Search code examples
pythonfilefile.readalllines

Python Re-ordering the lines in a dat file by string


Sorry if this is a repeat but I can't find it for now.

Basically I am opening and reading a dat file which contains a load of paths that I need to loop through to get certain information.

Each of the lines in the base.dat file contains m.somenumber. For example some lines in the file might be:

Volumes/hard_disc/u14_cut//u14m12.40_all.beta/beta8
Volumes/hard_disc/u14_cut/u14m12.50_all.beta/beta8
Volumes/hard_disc/u14_cut/u14m11.40_all.beta/beta8

I need to be able to re-write the dat file so that all the lines are re-ordered from the largest m.number to the smallest m.number. Then when I loop through PATH in database (shown in code) I am looping through in decreasing m.
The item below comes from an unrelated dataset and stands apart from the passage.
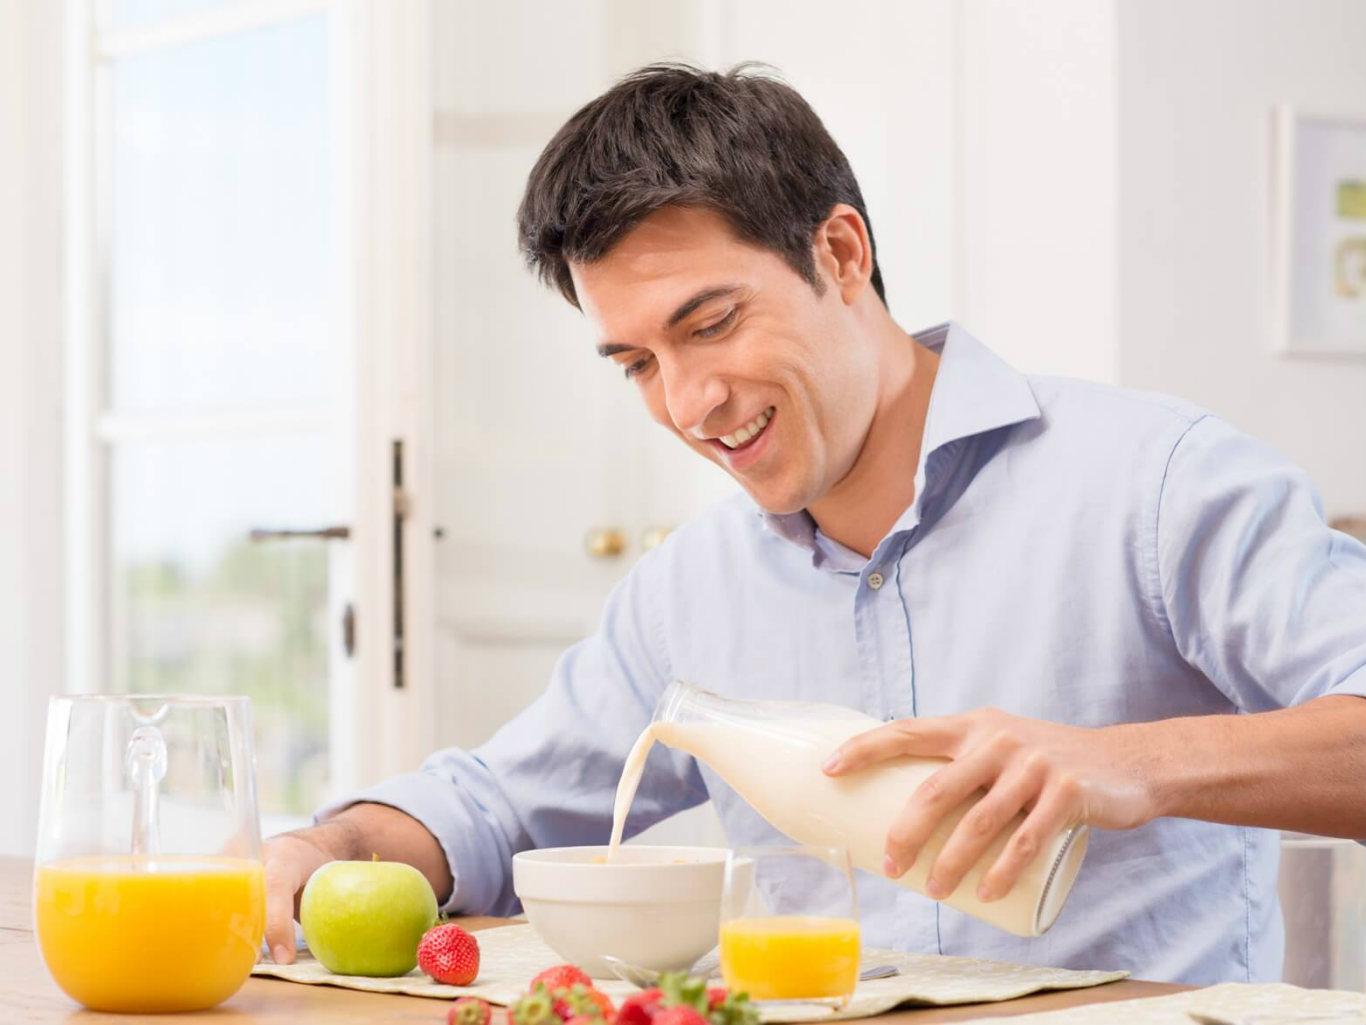 крепеж фото мужчина обедает представляют

Here is the relevant part of the code

base = open('base8.dat', 'r')
database= base.read().splitlines()
base.close()
counter=0
mu_list=np.array([])
delta_list=np.array([])
ofsset = 0.00136
beta=0


for PATH in database:
    if os.path.exists(str(PATH)+'/CHI/optimal_spectral_function_CHI.dat'):    

        n1_array = numpy.loadtxt(str(PATH)+'/AVERAGES/av-err.n.dat')
        n7_array= numpy.loadtxt(str(PATH)+'/AVERAGES/av-err.npx.dat')
        n1_mean = n1_array[0]
        delta=round(float(5.0+ofsset-(n1_array[0]*2.+4.*n7_array[0])),6)
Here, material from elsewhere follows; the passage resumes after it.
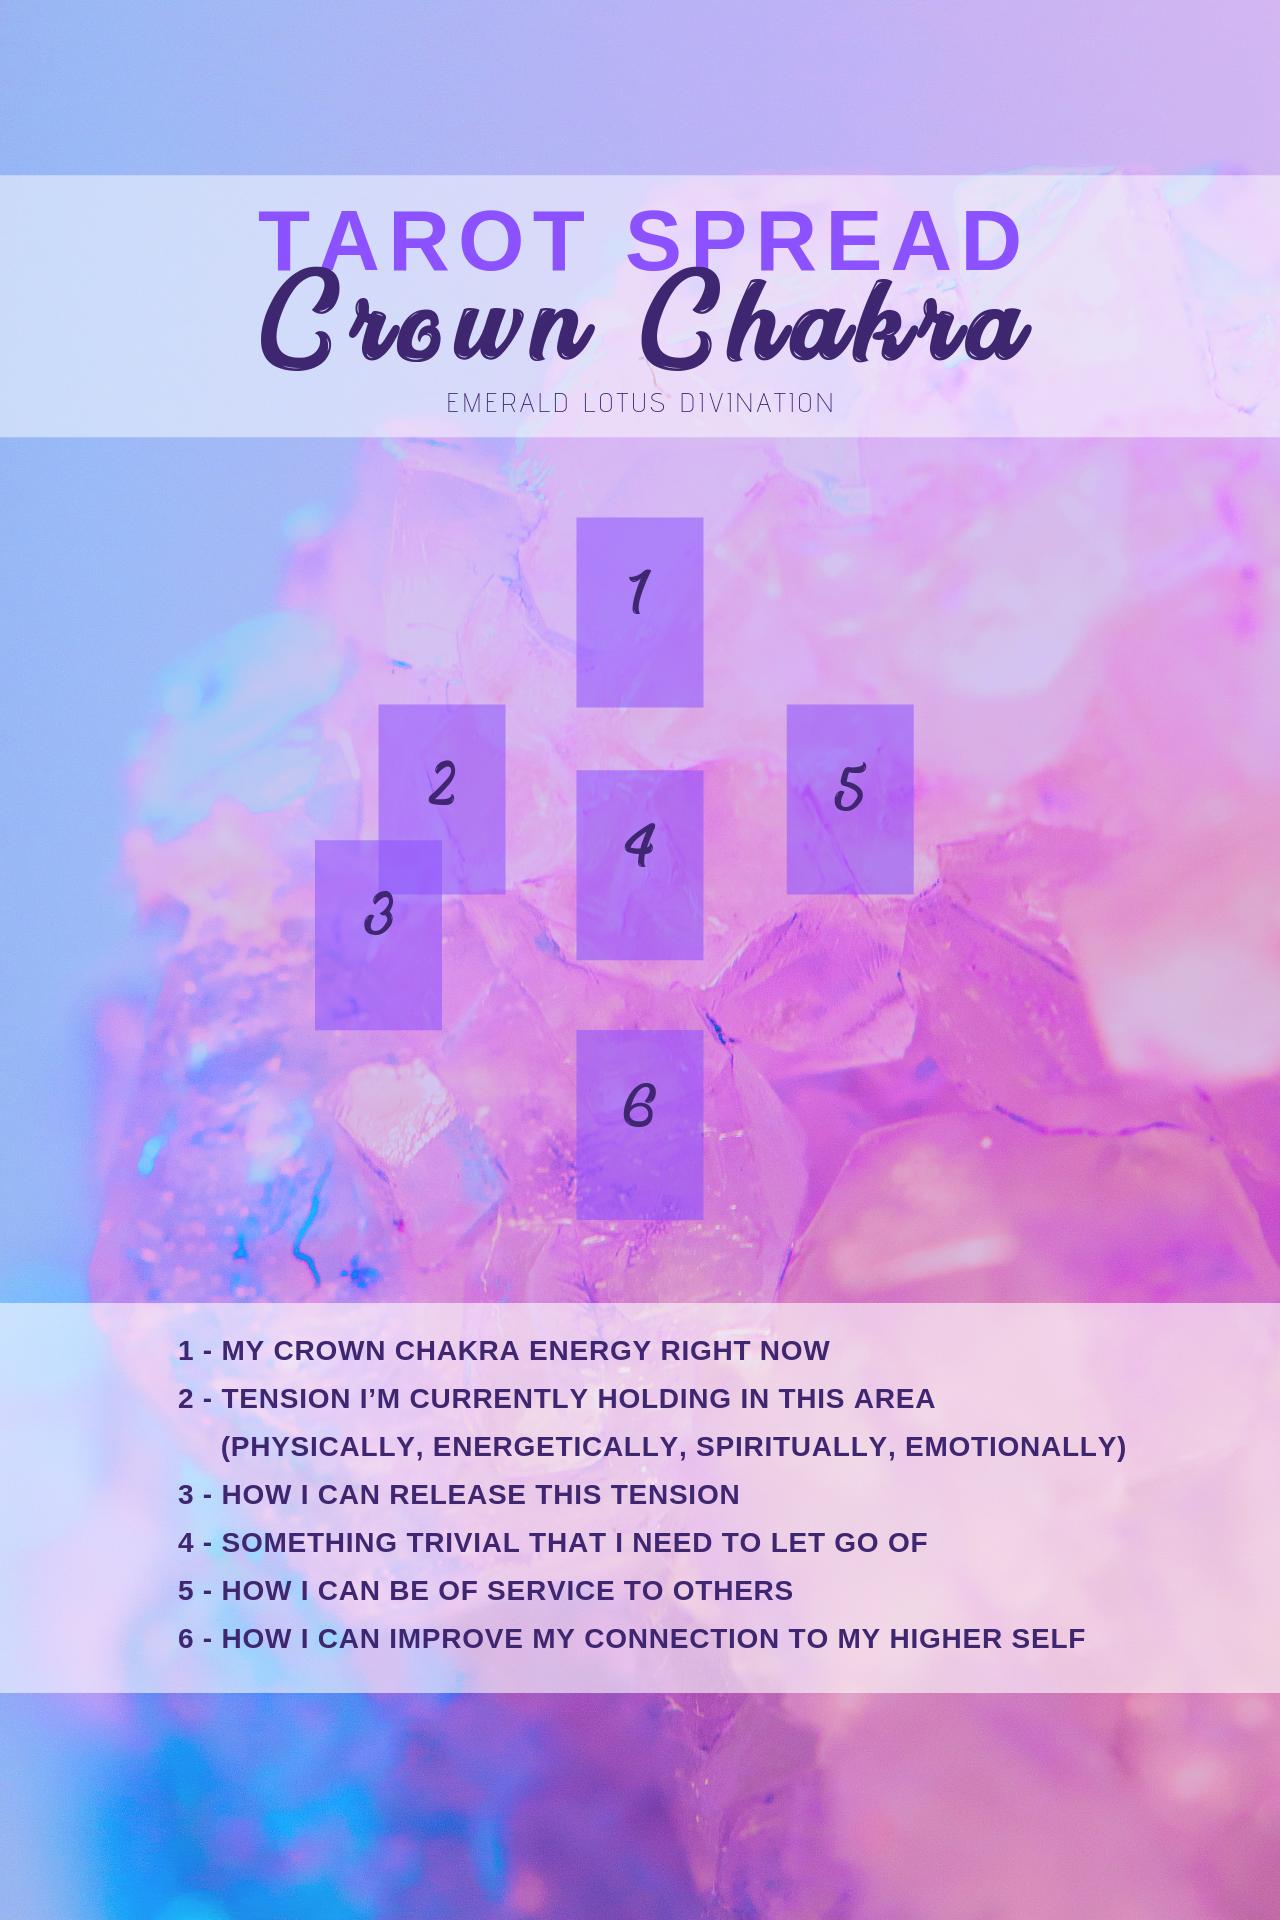 Crown-Chakra-Tarot-Spread-Emerald-Lotus.png

        par = open(str(PATH)+"/params10", "r")

        for line in par:
            counter= counter+1
            if re.match("mu", line):
                mioMU= re.findall('\d+', line.translate(None, ';'))
                mioMU2=line.split()[2][:-1]
                mu=mioMU2
                print mu, delta, PATH

                mu_list=np.append(mu_list, mu)
                delta_list=np.append(delta_list,delta)

        optimal_counter=0

print delta_list, mu_list

I have checked the possible flagged repeat but I can't seem to get it to work for mine because my file doesn't technically contain strings and numbers. The 'number' I need to sort by is contained in the string as a whole:

Volumes/data_disc/u14_cut/from_met/u14m11.40_all.beta/beta16

and I need to sort the entire line by just the m(somenumber) part


Solution

  • Assuming that the number part of your line has the form of a float you can use a regular expression to match that part and convert it from string to float.

    After that you can use this information in order to sort all the lines read from your file. I added a invalid line in order to show how invalid data is handled.
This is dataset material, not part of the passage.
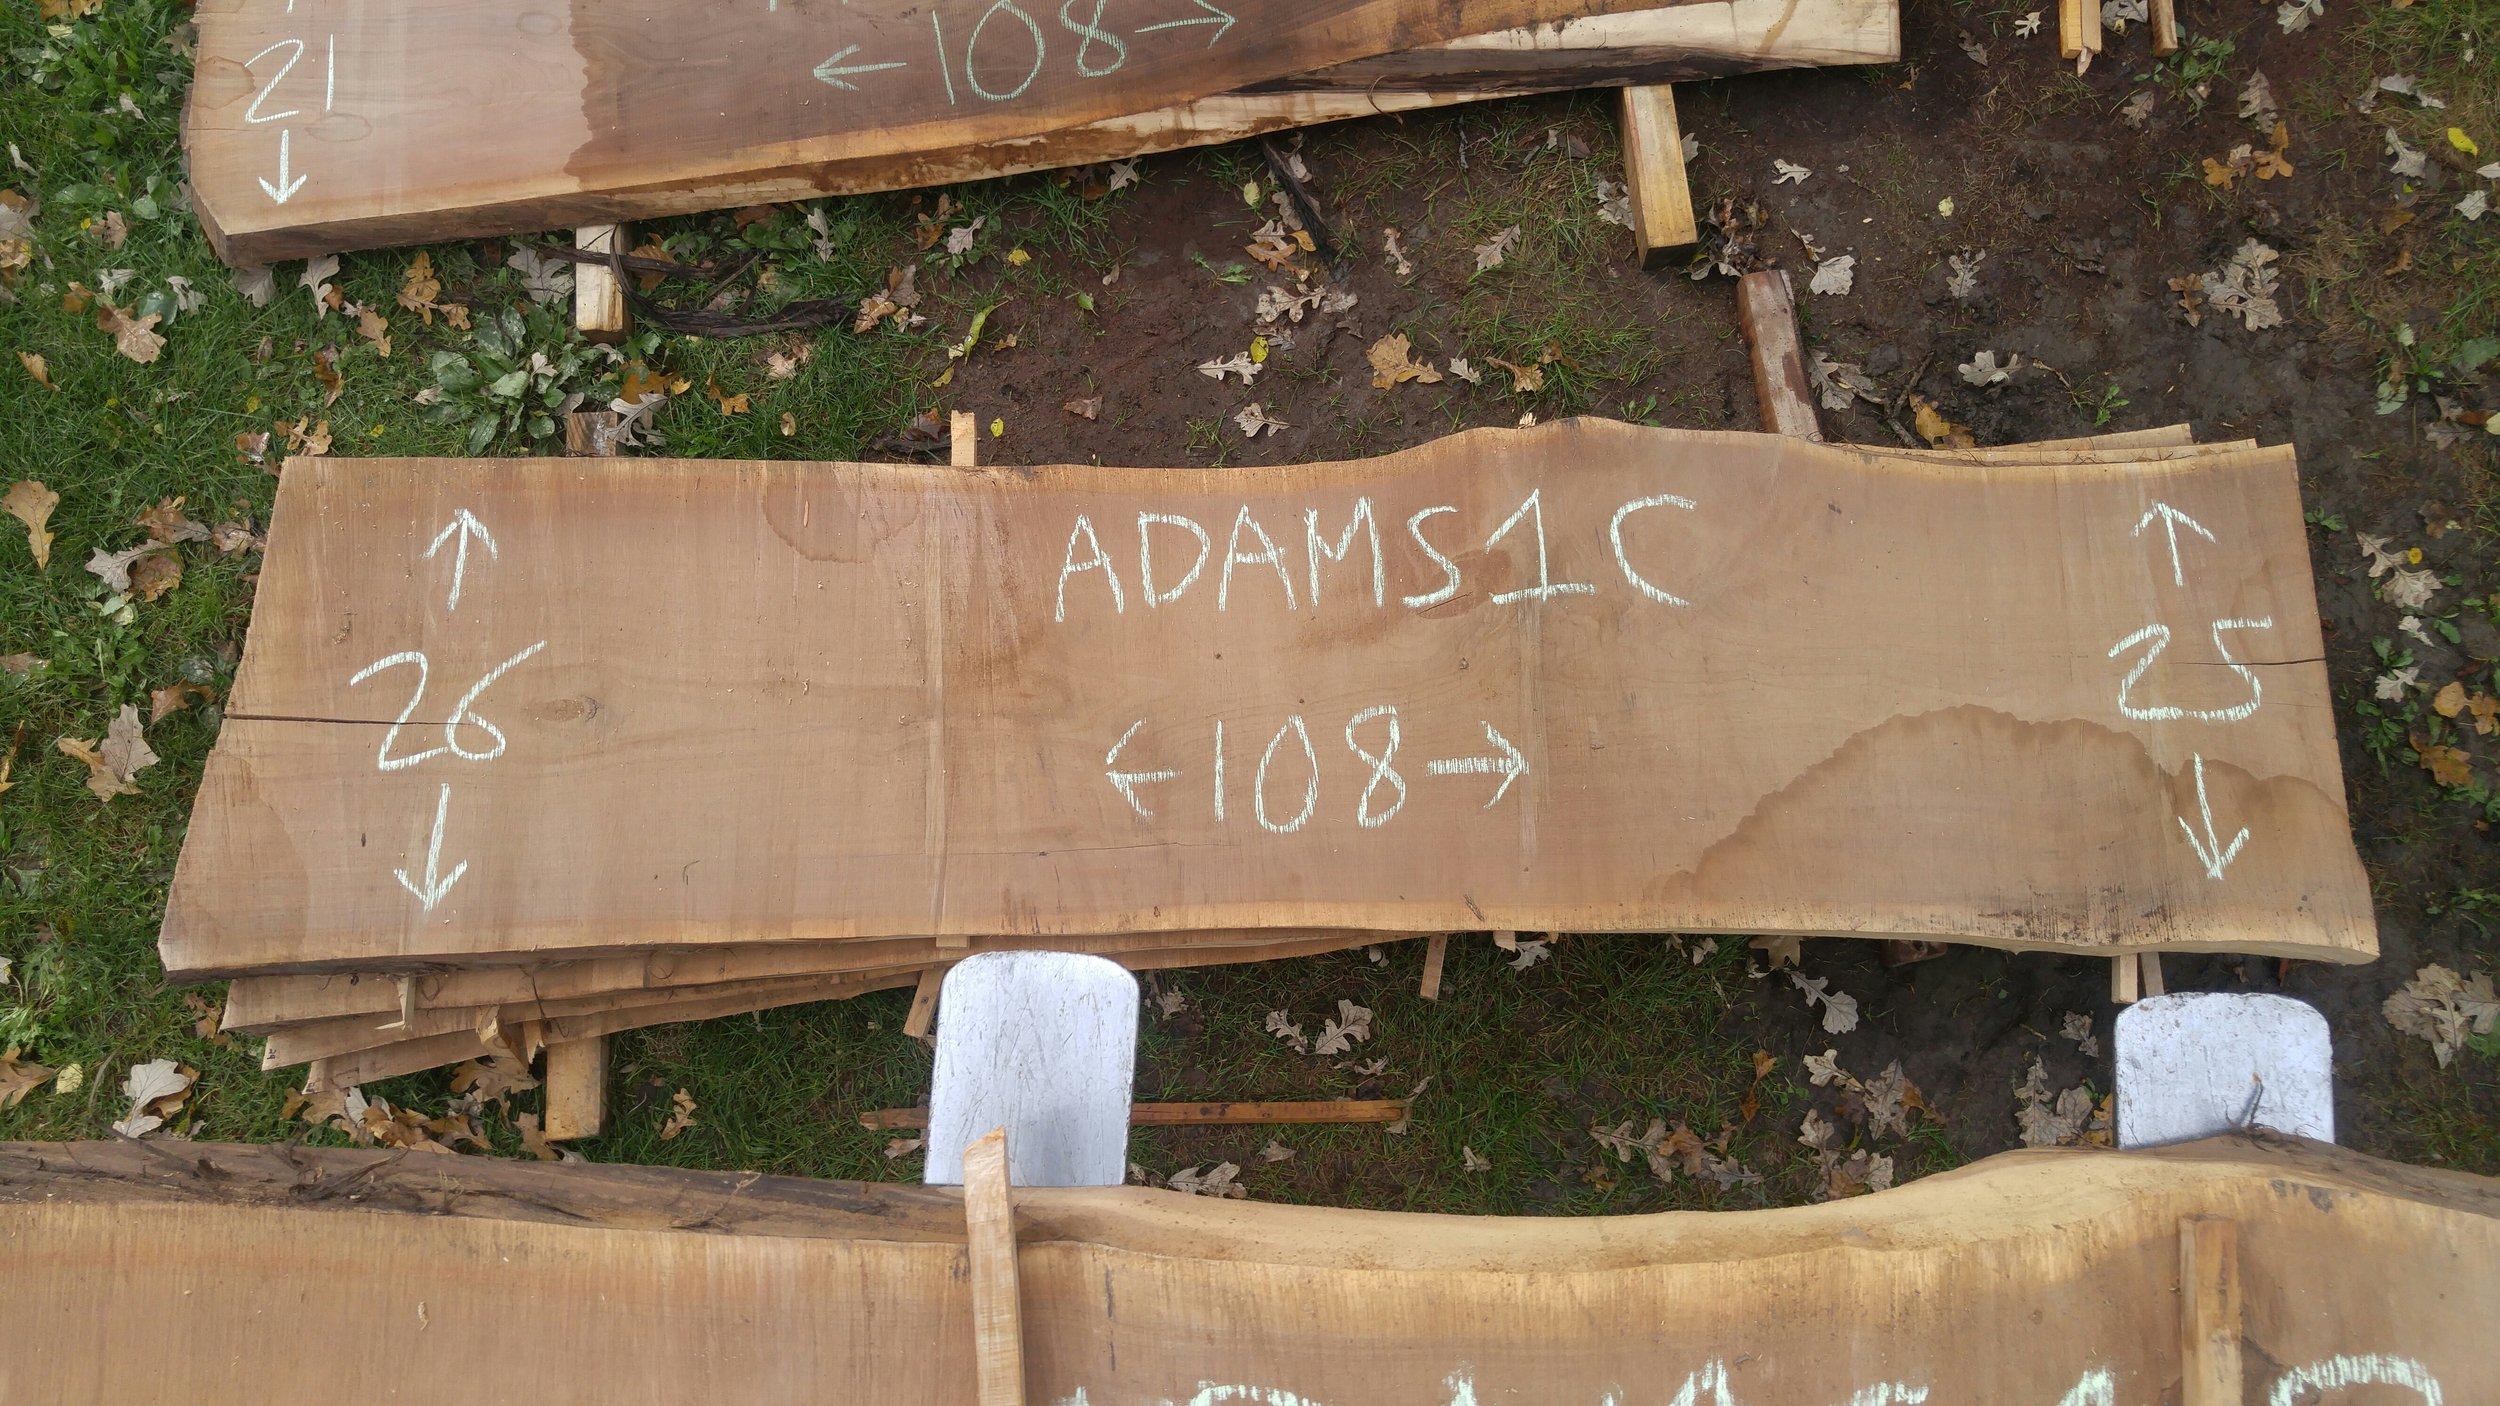 Adams1C.jpg

    As a quick example I would suggest something like this:

    import re
    
    # TODO: Read file and get list of lines
    
    l = ['Volumes/hard_disc/u14_cut/u14**m12.40**_all.beta/beta8',
        'Volumes/hard_disc/u14_cut/u14**m12.50**_all.beta/beta8',
        'Volumes/hard_disc/u14_cut/u14**m11.40**_all.beta/beta8',
        'Volumes/hard_disc/u14_cut/u14**mm11.40**_all.beta/beta8']
    
    regex = r'^.+\*{2}m{1}(?P<criterion>[0-9\.]*)\*{2}.+$'
    p = re.compile(regex)
    
    criterion_list = []
    
    for s in l:
        m = p.match(s)
        if m:
            crit = m.group('criterion')
            try:
                crit = float(crit)
            except Exception as e:
                crit = 0
        else:
            crit = 0
        criterion_list.append(crit)
    
    
    tuples_list = list(zip(criterion_list, l))
    output = [element[1] for element in sorted(tuples_list, key=lambda t: t[0])]
    print(output)
    
    # TODO: Write output to new file or overwrite existing one.
    

    Giving:

    ['Volumes/hard_disc/u14_cut/u14**mm11.40**_all.beta/beta8', 'Volumes/hard_disc/u14_cut/u14**m11.40**_all.beta/beta8', 'Volumes/hard_disc/u14_cut/u14**m12.40**_all.beta/beta8', 'Volumes/hard_disc/u14_cut/u14**m12.50**_all.beta/beta8']
    

    This snippets starts after all lines are read from the file and stored into a list (list called l here). The regex group criterion catches the float part contained in **m12.50** as you can see on regex101. So iterating through all the lines gives you a new list containing all matching groups as floats. If the regex does not match on a given string or casting the group to a float fails, crit is set to zero in order to have those invalid lines at the very beginning of the sorted list later.

    After that zip() is used to get a list of tules containing the extracted floats and the according string. Now you can sort this list of tuples based on the tuple's first element and write the according string to a new list output.